A Real Time Detector for Low Energy Neutrinos

Borexino is a particle physics experiment performed by an international collaboration in the “Hall C” of the Laboratori Nazionali del Gran Sasso (LNGS).  The Borexino physics program is centered on solar neutrino, but also includes other relevant topics in low background neutrino detection (including geoneutrinos) and underground physics.
Borexino Detector

The Borexino detector is a large, low background liquid scintillator detector designed to reveal low energy (sub-MeV) neutrinos in real time.  It was built with the main goals of performing solar neutrinos spectroscopy and to measure the 7Be neutrino flux from the Sun.

The very low energy threshold needed to achieve such goals in turn required an extreme radiopurity of the detector (at least 10 orders of magnitude better than in typical natural conditions).  Nothing is standard in Borexino: all detector parts and components had to be developed ad hoc, with all involved materials carefully selected for radiopurity (measurements were made with germanium detectors and mass spectrometers). Everything had to go through clean rooms (five were built around the detector). The inside of the detector itself have been equipped as a clean room. The welds were TIG in nitrogen or argon atmosphere, all surfaces were pickled and passivated, the nitrogen for stripping was cryogenically purified, etc.

A Borexino prototype, called the Counting Test Facility (CTF), has been built and operated in the Hall C of LNGS between 1994 and ’96.  This (now dismantled) detector demonstrated the achievement of ultra-low count rates (radiopurity of the order of 10-16g/g of 238U equivalent) on the several-ton scale.

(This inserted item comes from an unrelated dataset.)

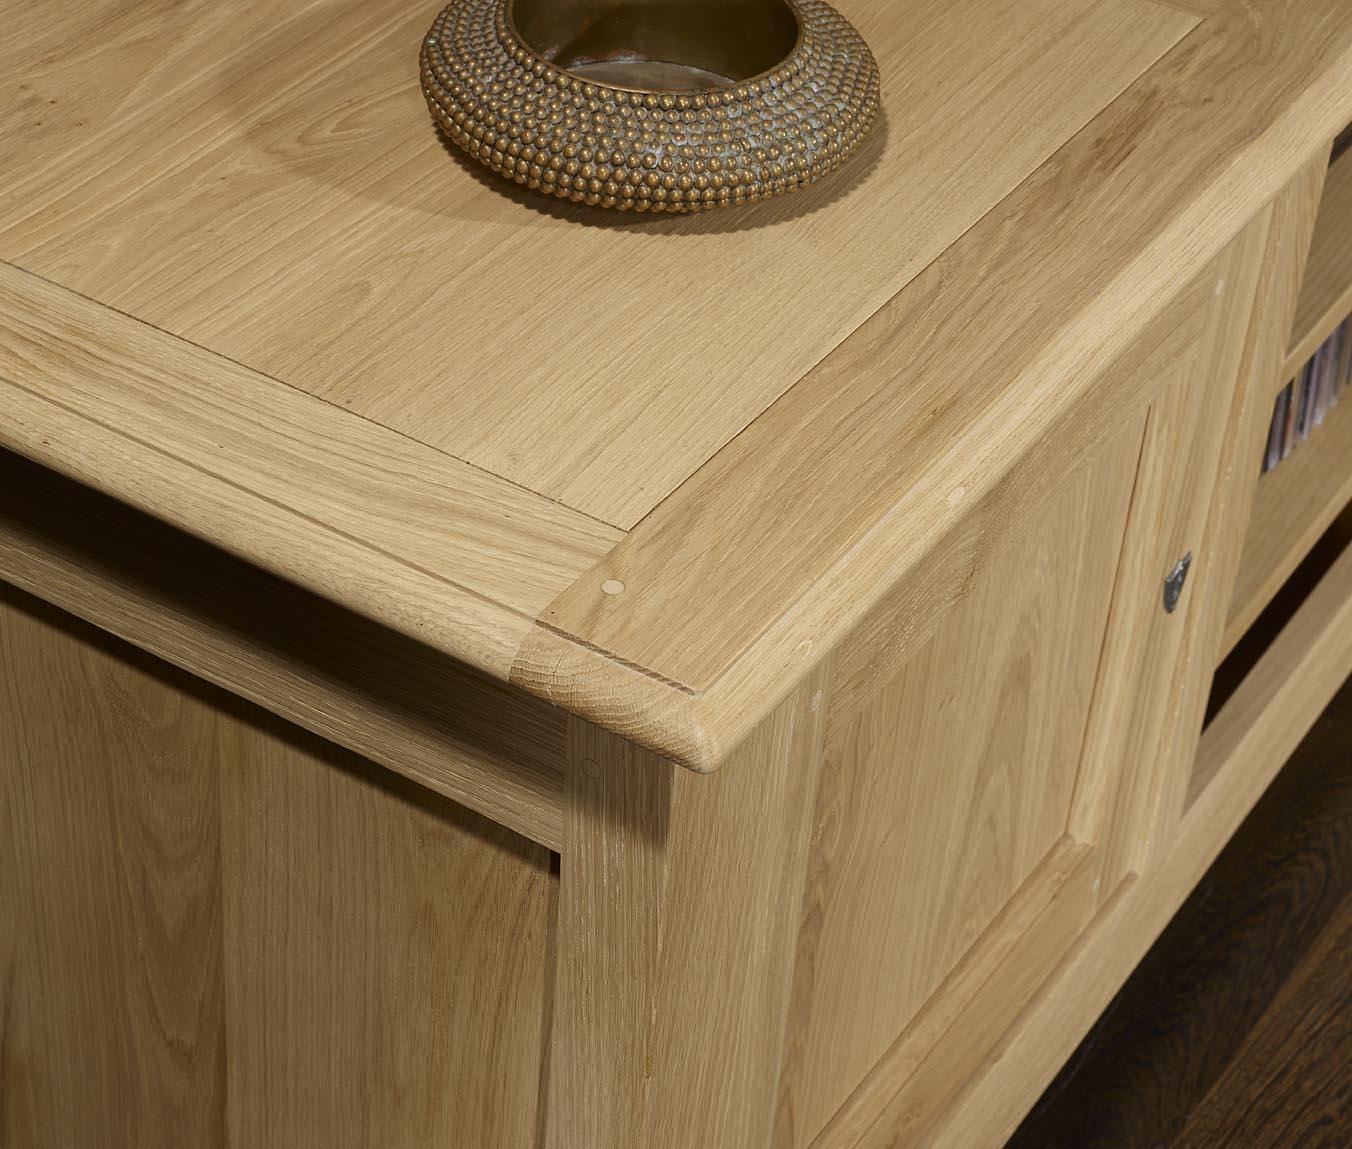 meuble tv 16 9eme en ch ne massif de style campagnard meuble en ch ne. Black Bedroom Furniture Sets. Home Design Ideas

The Borexino detector have been built on the CTF experience. Construction have been completed on May 15, 2007.  The first data acquisition (DAQ) run with the full detector was started on May 16, 2007.  The last DAQ run (#36744) have been stopped on Oct 7, 2021 @ 11:26 am CET, and the detector decommissioning has begun.

The extraordinary radiopurity achieved by Borexino (unprecedented for such a large detector), further improved over the years, have made it possible to accomplish not only its primary goals but also to produce many other interesting results both within and beyond the Standard Model of particle physics.

A selection of the experimental data acquired and analysed by the Borexino collaboration for some of our publications has been made freely available as “Open Data”.